Woodsense: Spotlight on YellowheartComments (1)
This article is from Issue 51 of Woodcraft Magazine.
A Brazilian specialty wood that packs a real color punch
Technical consultant: Larry Osborn
It makes for occasional confusion, but in the world’s lumber trade yellowheart sometimes goes by different names. It can be called satina, pau amarello (Portuguese for yellow wood), Brazilian satinwood (which it is not, although it is in the same family as Ceylon and Indian satinwoods) and Brazilian boxwood. Wood dealers in the United States, though, seem to agree on yellowheart (Euxylophora paraensis) of the family Rutaceae that includes citrus trees such as orange, lemon, and lime.
The popularity of yellowheart stems from its uniform, nonfading yellow color, which offers woodworkers a distinctive accent for their projects. That said, it can just as easily serve as the primary wood. And unlike the true satinwoods, it’s much less costly!
History in woodworking
Where it grows, yellowheart has been and still is employed for everything from boats to framing lumber to flooring, carvings, cabinets, furniture, and musical instruments (woodwinds). The fact that it’s available in sizeable widths and lengths helps explain its numerous applications.
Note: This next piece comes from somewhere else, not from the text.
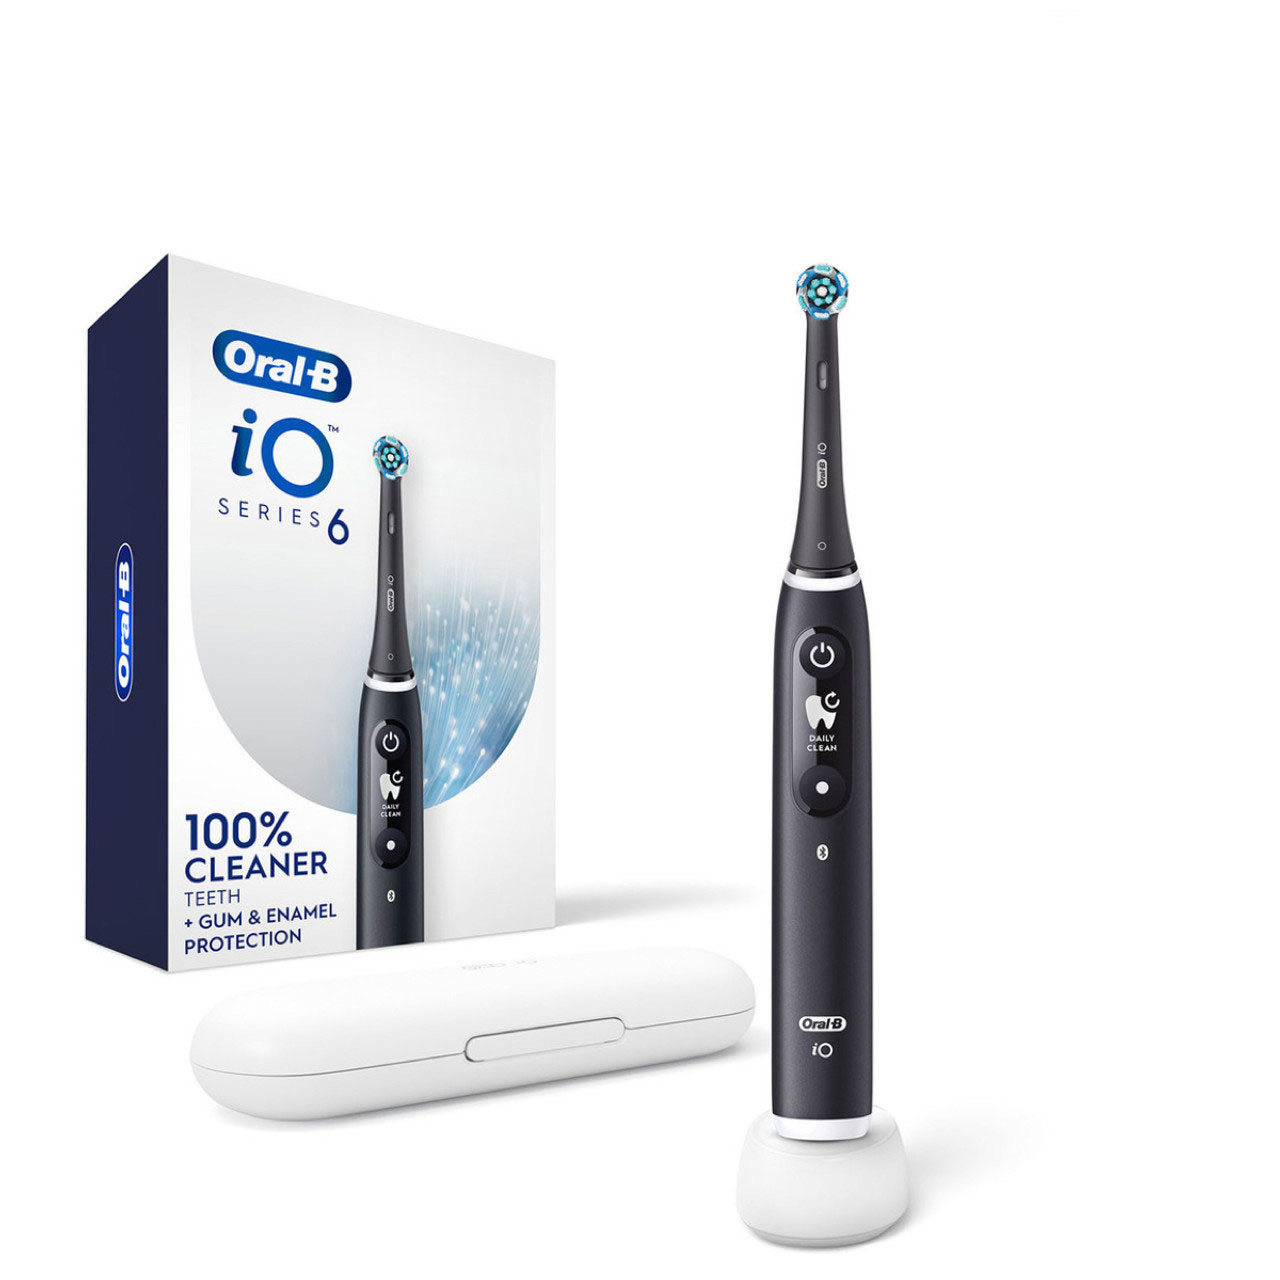 Oral-B Power Brush with case and box

American woodworkers, however, principally use the colorful wood for dramatic inlay and small craft items, such as turned pens, bowls, and boxes. Recently, yellowheart has served as flooring material.
It’s a fact that…
Yellowheart is quite capable of making beautiful music when put to good use by instrument makers. Instruments where yellowheart has found a home include stave-construction snare drums, flutes, psalteries, and guitars. Guitar makers favor the wood for electric guitar bodies, acoustic guitar sides and back, as well as the neck.
Where the wood comes from
Although yellowheart is generally considered as a Brazilian hardwood, its actual range is limited to only a section of the country’s Eastern coastline south of the equator known as the State of Para. There yellowheart reaches heights of 130' with diameters of around 30". Because of its abundance and size, the tree has a significant economic impact on the local forest products industry. When it blooms, yellowheart becomes a tree of splendor with a profuse showing of creamy white flowers.
What you’ll pay
You’ll find yellowheart at specialty wood mills and suppliers, as well as online. For FAS boards in 4/4 thickness, widths to 10" and lengths to 12', expect to pay about $6 per board foot. Yellowheart pen blanks sell for less than $2 each. And thin stock (1⁄4" thick) sells for about $12 per square foot. Veneer is also available for marquetry and sells for $2 to $2.50 per square foot.
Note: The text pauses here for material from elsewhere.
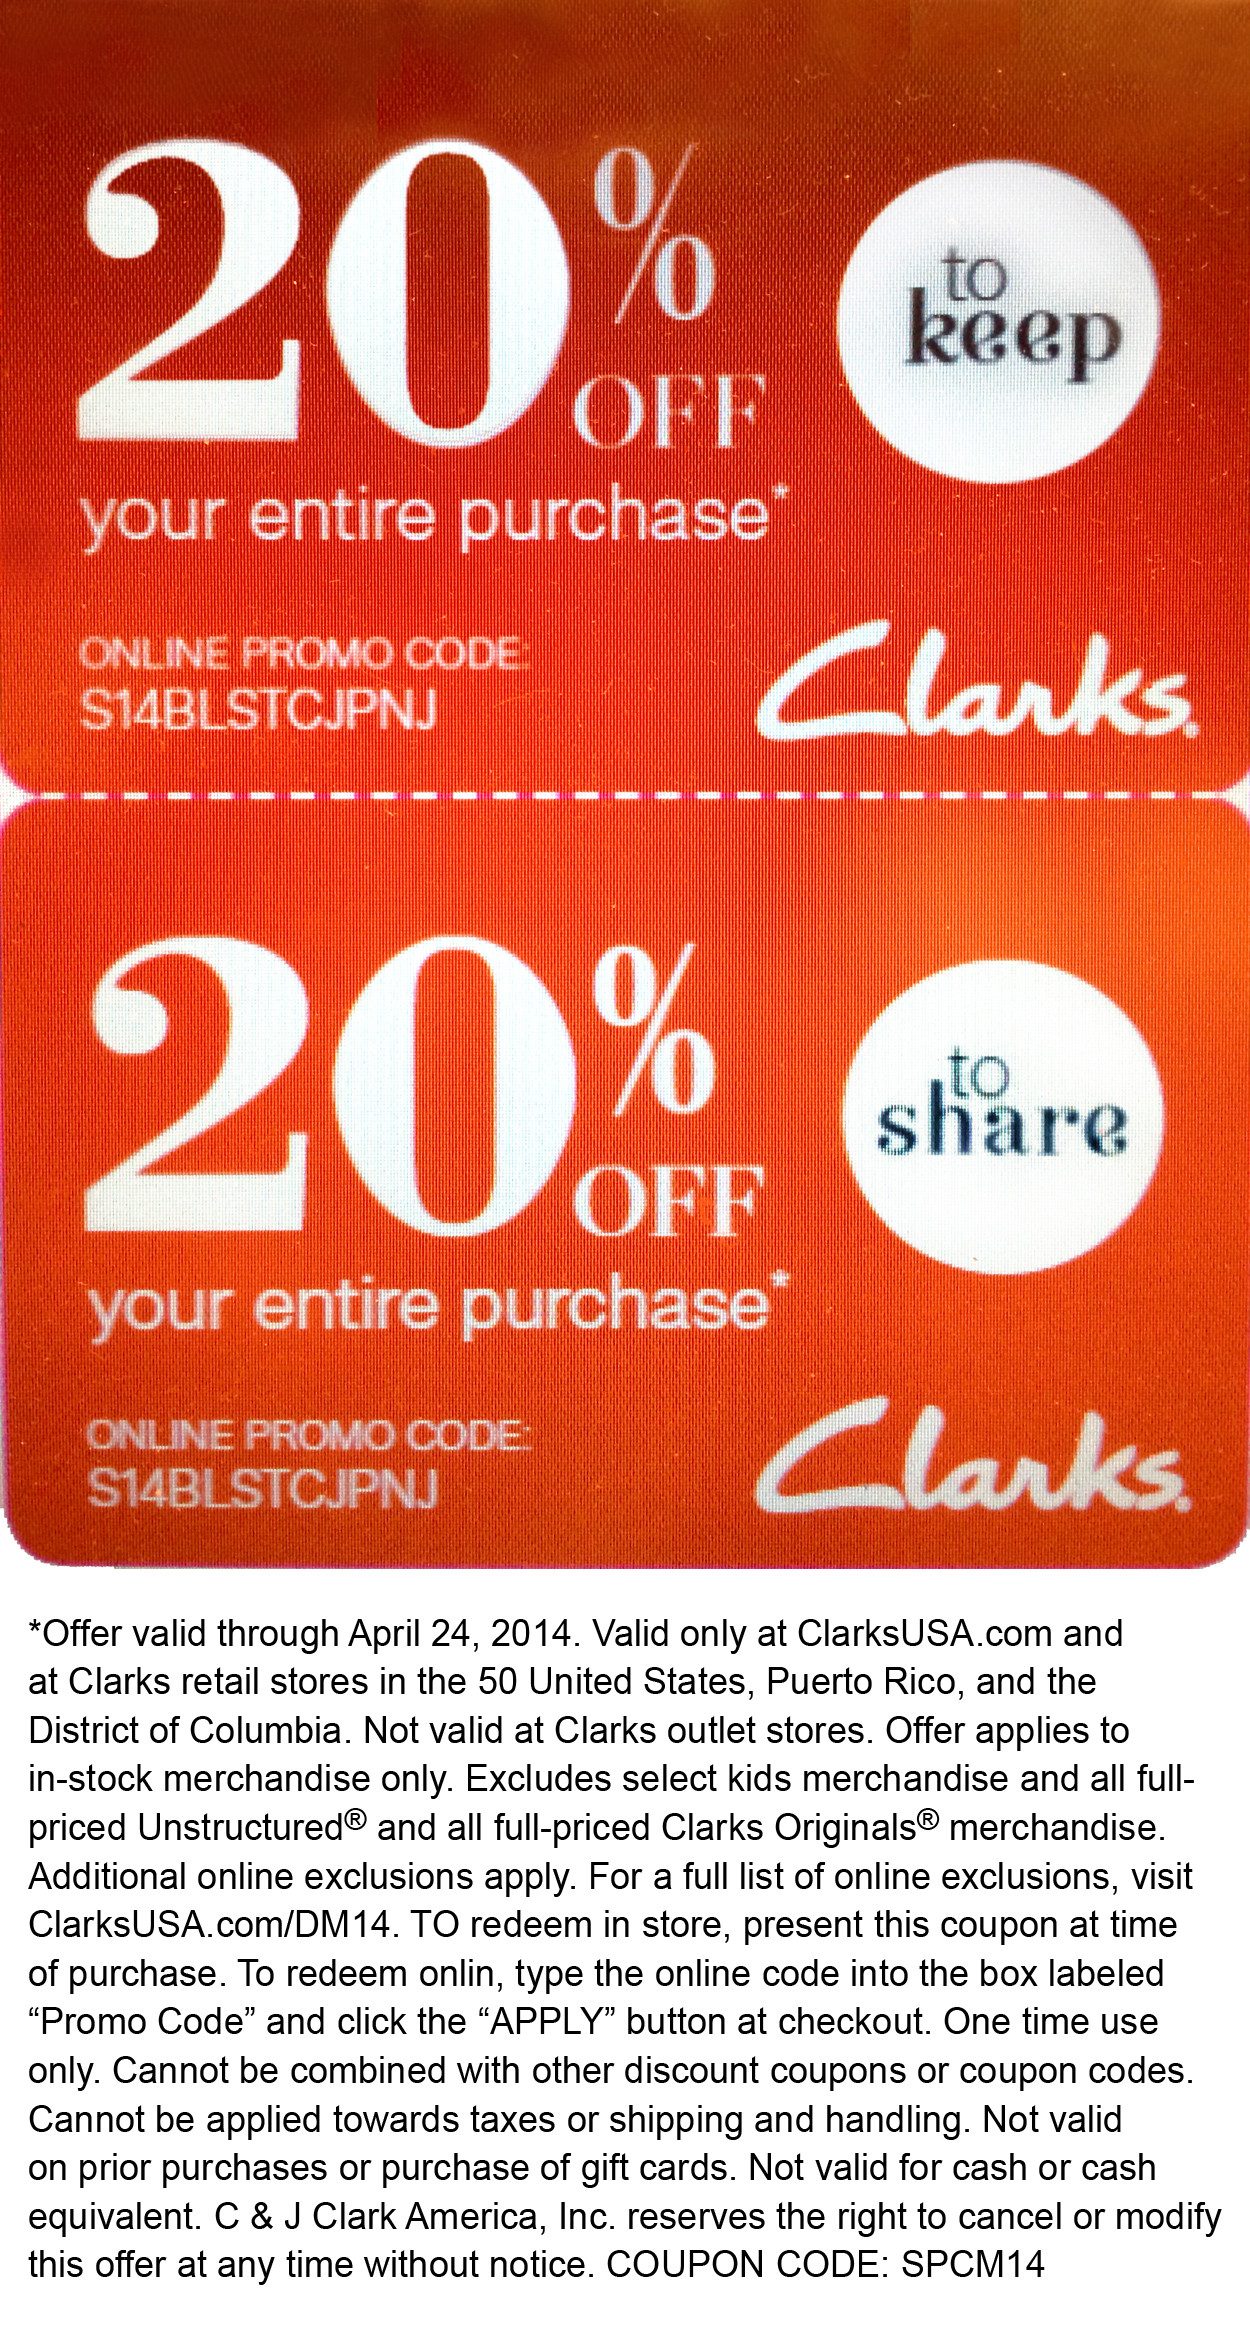 clarks shoes promotional code 2018 off

How to select the best stock
Yellowheart is a heavy, hard, close-grained wood with straight, barely discernible grain, although some curly figured stock does occur. (Be aware that its interlocking grain may require special care in the workshop.) Quartersawn stock may display ribbon figure that could prove desirable for a tabletop or panel.
The wood’s color can vary. With lumber obtained from different trees of the same species you may find stock that ranges in color from yellow through light orange to red. For the best color match in a project, try to select boards from the same tree if possible.
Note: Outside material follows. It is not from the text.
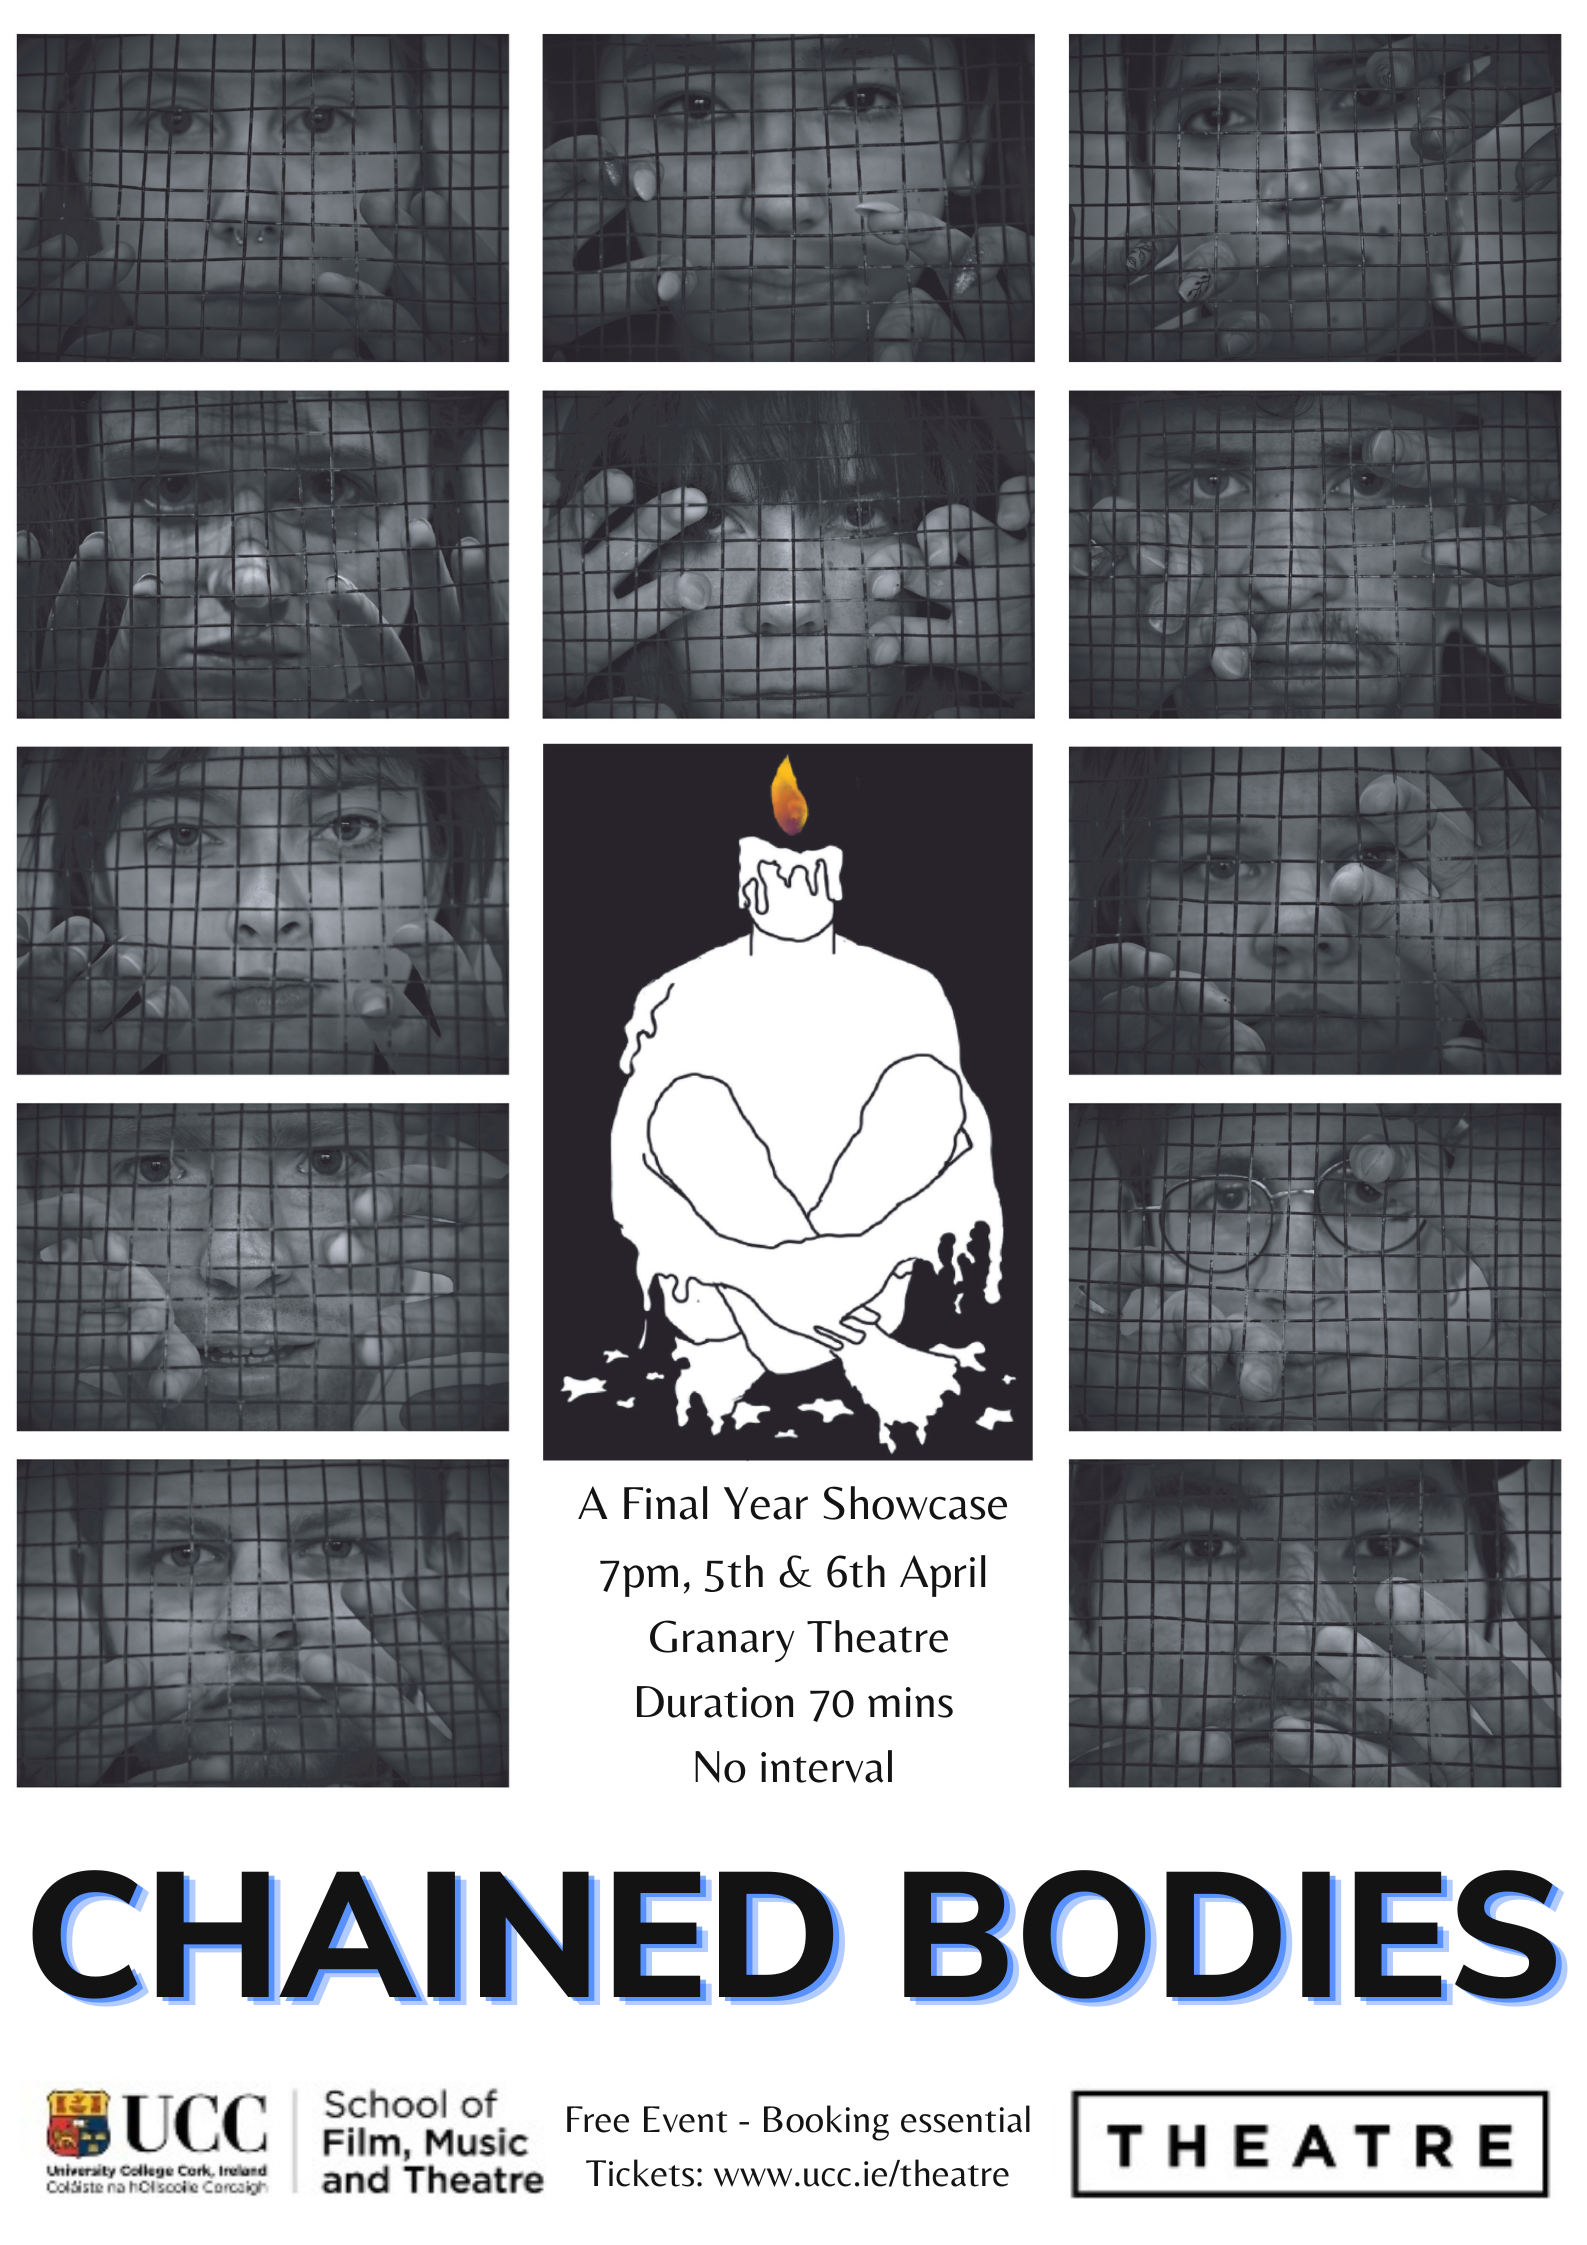 Chained Bodies - A Final Year Showcase

Working yellowheart in the shop
This close-grained, fine-textured hardwood can be worked with hand or power tools, although its hardness will dull cutting edges. Planing and jointing yellowheart requires attention to grain direction in relation to the cutters as the wood has a slight tendency to tear out. Running the wood through the planer at an angle may prove beneficial. Curly yellowheart or ribbon figure requires taking very light passes. A drum sander may yield better results for final smoothing and thicknessing.
Take care when sanding yellowheart, progressing through successive grits until you arrive at desired smoothness. Due to its hardness, the wood will take a lustrous polish with fine abrasives. Caution is in order here. Yellowheart is classified as an irritant, meaning its dust can cause a skin rash if you have sensitivity, so always wear a dust mask and long sleeves when sanding, and wash thoroughly afterwards.
Don’t worry about gluing–all types of adhesives work because yellowheart has no natural oils. You will, though, have to predrill for screws. The wood carves and turns well.
Finally, yellowheart poses no problems in dying or staining (if you choose to do that), and final finishing. However, exposure to sunlight will darken it slightly, so a clear finish with ultraviolet protection may be warranted, depending on the project.